The Suspended Non-Commissioned Officer is Not Subject to Military Criminal Law: Analysis of Cassation Ruling 22066/2025

Military criminal law, with its specific regulations, is an area requiring constant interpretation. The Court of Cassation, with ruling no. 22066 of June 12, 2025, has provided a fundamental clarification regarding subjection to military criminal law for non-commissioned officers suspended from service. This decision, presided over by S. M. and authored by V. G., with defendant C. C., annuls the judgment of the Military Court of Appeal of Rome, delineating a clear and important boundary.

Who is "In Active Service"? The Heart of the Matter

The Military Criminal Code of Peace (CPMP), in articles 1, 3, and 5, establishes that military criminal law applies to "military personnel in active service." The ruling under examination addresses precisely the condition of a non-commissioned officer under disciplinary suspension: while retaining military status, their actual operational capacity ceases. The key question was whether this suspension was sufficient to exclude them from military jurisdiction, as they could no longer perform their active duties.

A non-commissioned officer suspended from service for disciplinary reasons is not subject to military criminal law, as they cannot be considered "in active service."

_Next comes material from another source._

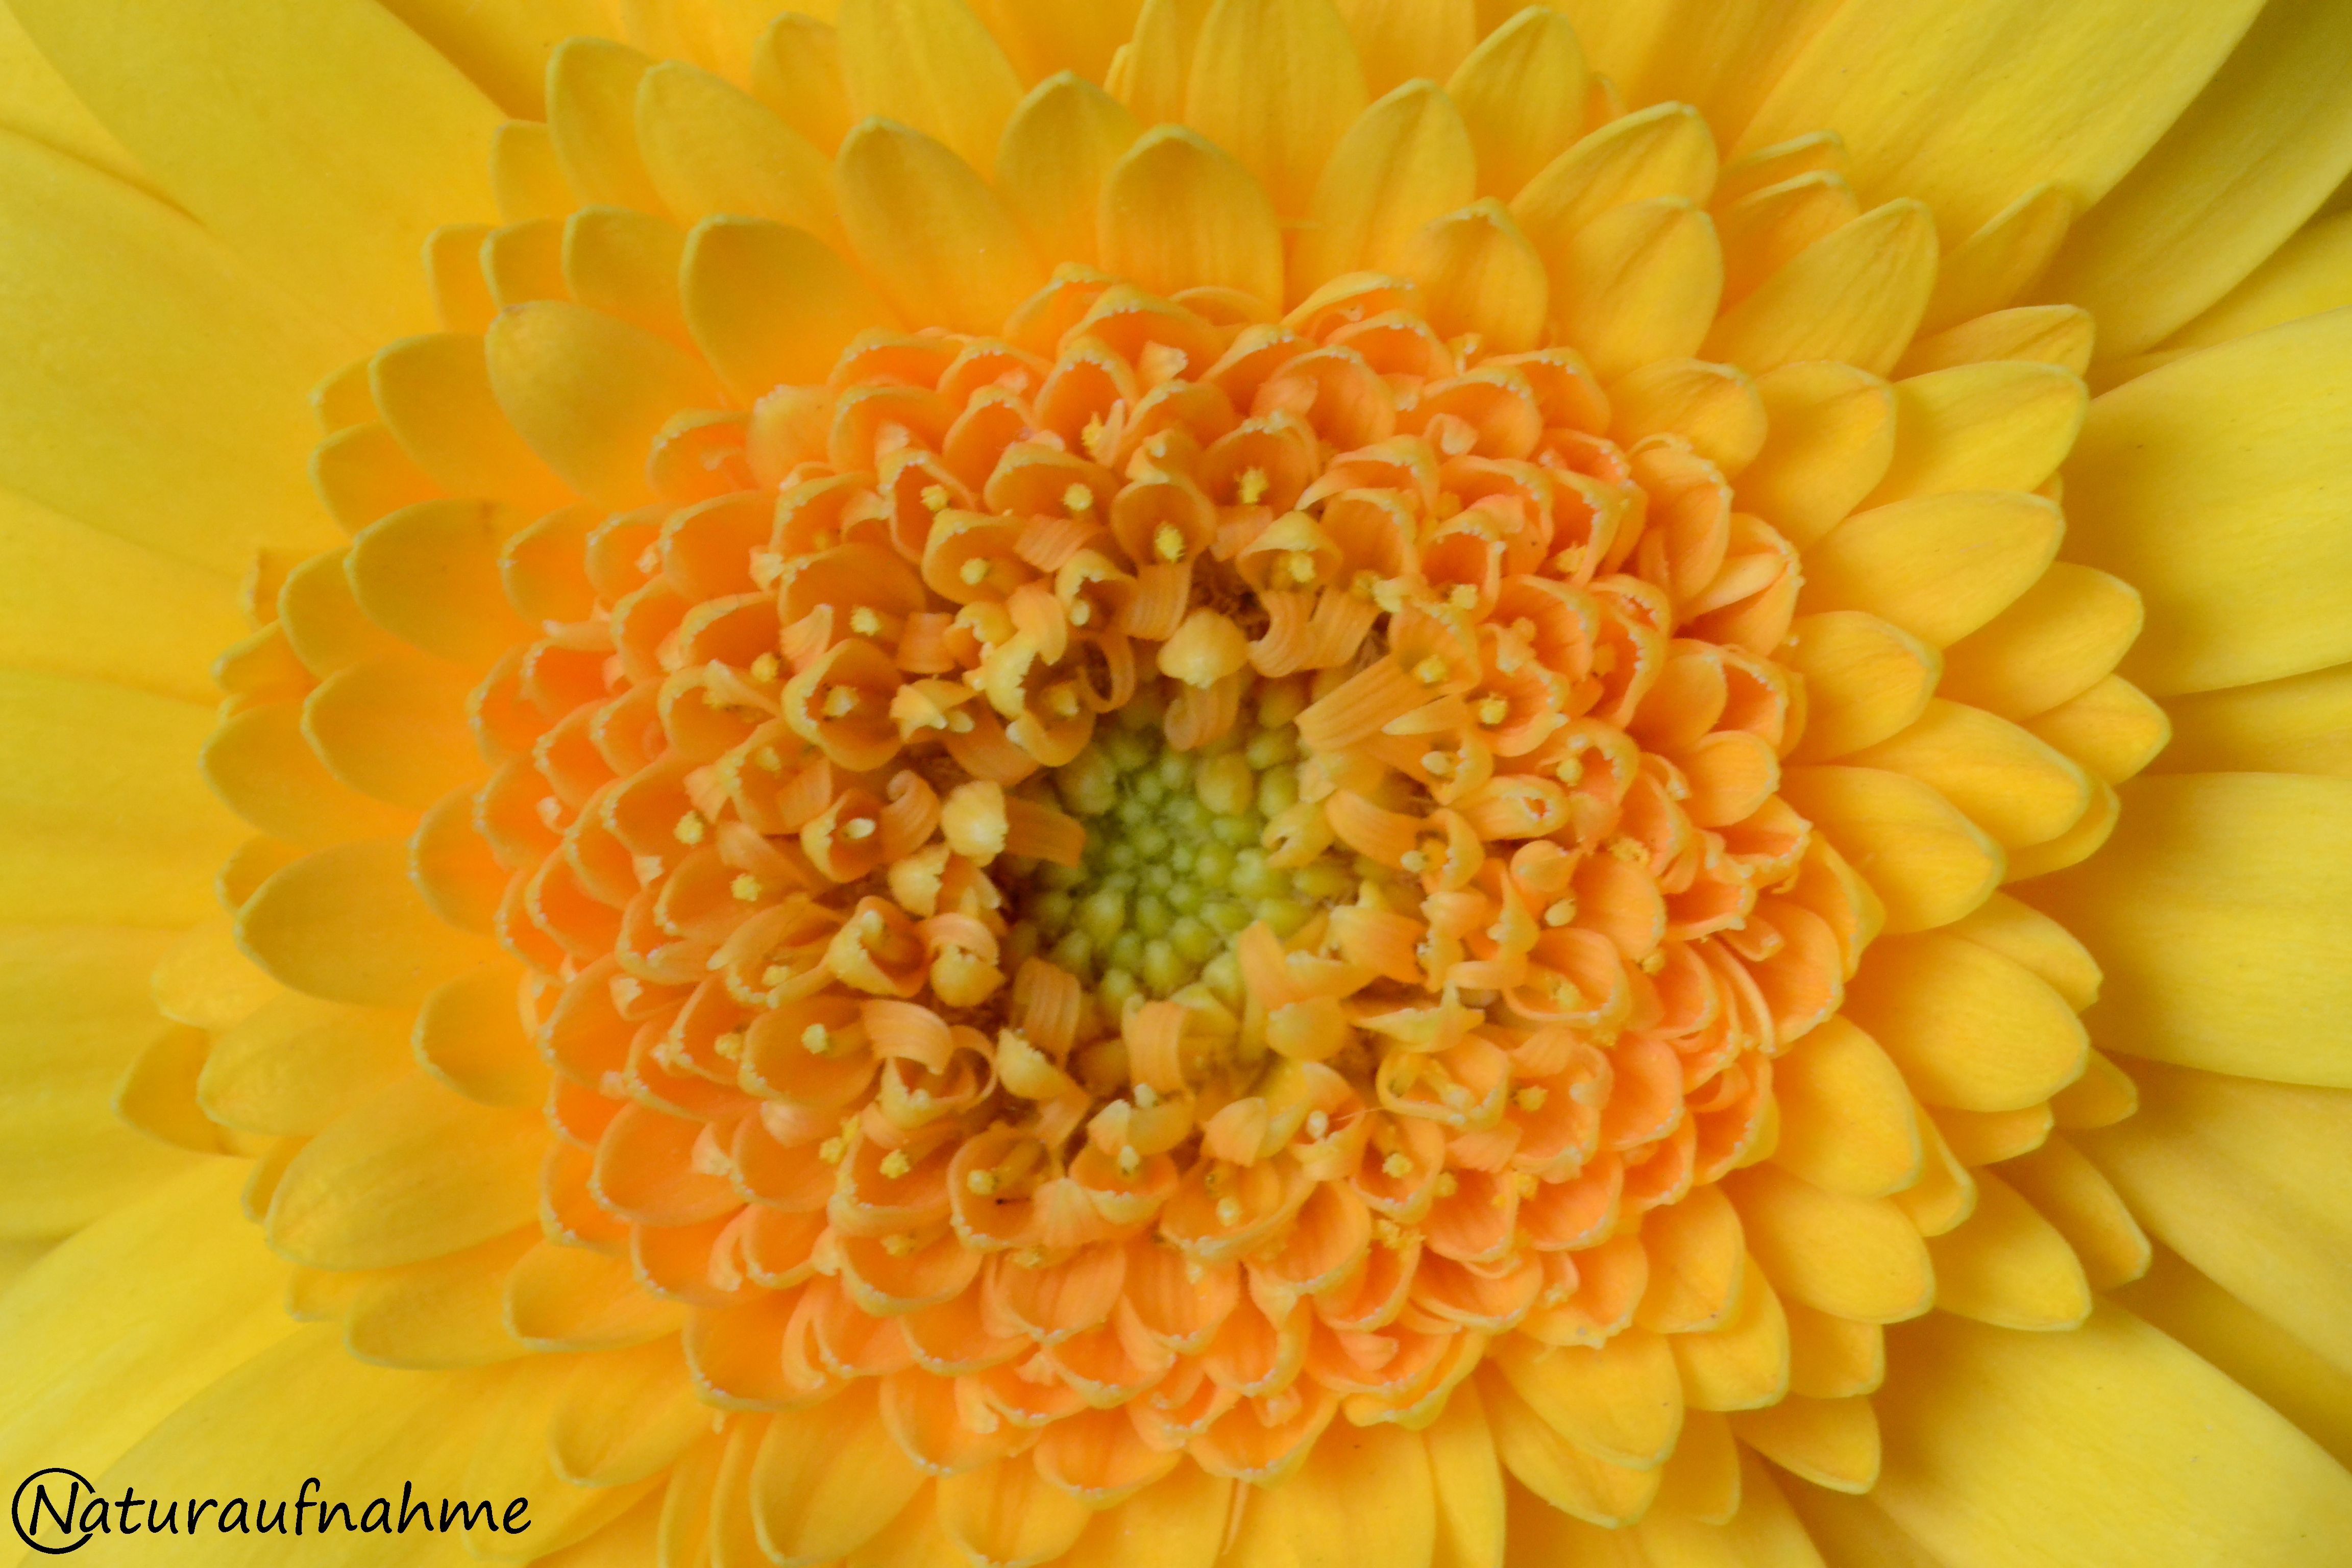 Fotos © by Silke Winter: Gelbe Blume (Nahaufnahme) - www.natur-aufnahme.de

This maxim from Cassation ruling no. 22066/2025 clarifies definitively: disciplinary suspension prevents the non-commissioned officer from being considered "in active service." This means that, during this period, they are no longer subject to the specificities of military criminal law. The decision emphasizes that the application of a special criminal regime is strictly linked to the actual performance of duties and obligations arising from active military service, not merely status.

Jurisprudential Consistency and Reference Norms

The Cassation ruling aligns with established jurisprudence, as highlighted by the consistent maxim no. 51398 of 2016. This consistency strengthens legal certainty. Legislative Decree of March 15, 2010, no. 66 (Code of Military Organization), with articles such as 885, 1357 paragraph 1 letter A, and 920 paragraph 2, governs the status conditions of military personnel, including suspension. Although military status is not lost, suspension profoundly alters the functional relationship, limiting the exercise of duties. The objective is to apply the CPMP only when conduct affects the efficiency and discipline of the Armed Forces in a context of actual service.

  • Disciplinary suspension excludes the qualification of "in active service."
  • Military criminal jurisdiction requires full operational capacity.
  • The ruling protects the suspended military personnel from an unjustified special regime.

Conclusions: A Fundamental Guarantee Principle

Ruling no. 22066/2025 of the Cassation Court is a cornerstone in the interpretation of military criminal law. By affirming that a suspended non-commissioned officer is no longer "in active service," the Supreme Court reinforces a crucial guarantee principle. This decision not only protects the individual rights of the military personnel, preventing them from facing a special criminal regime in the absence of an actual functional link to active service, but also contributes to more precisely defining the boundaries of military jurisdiction. An essential balance between discipline and principles of legality.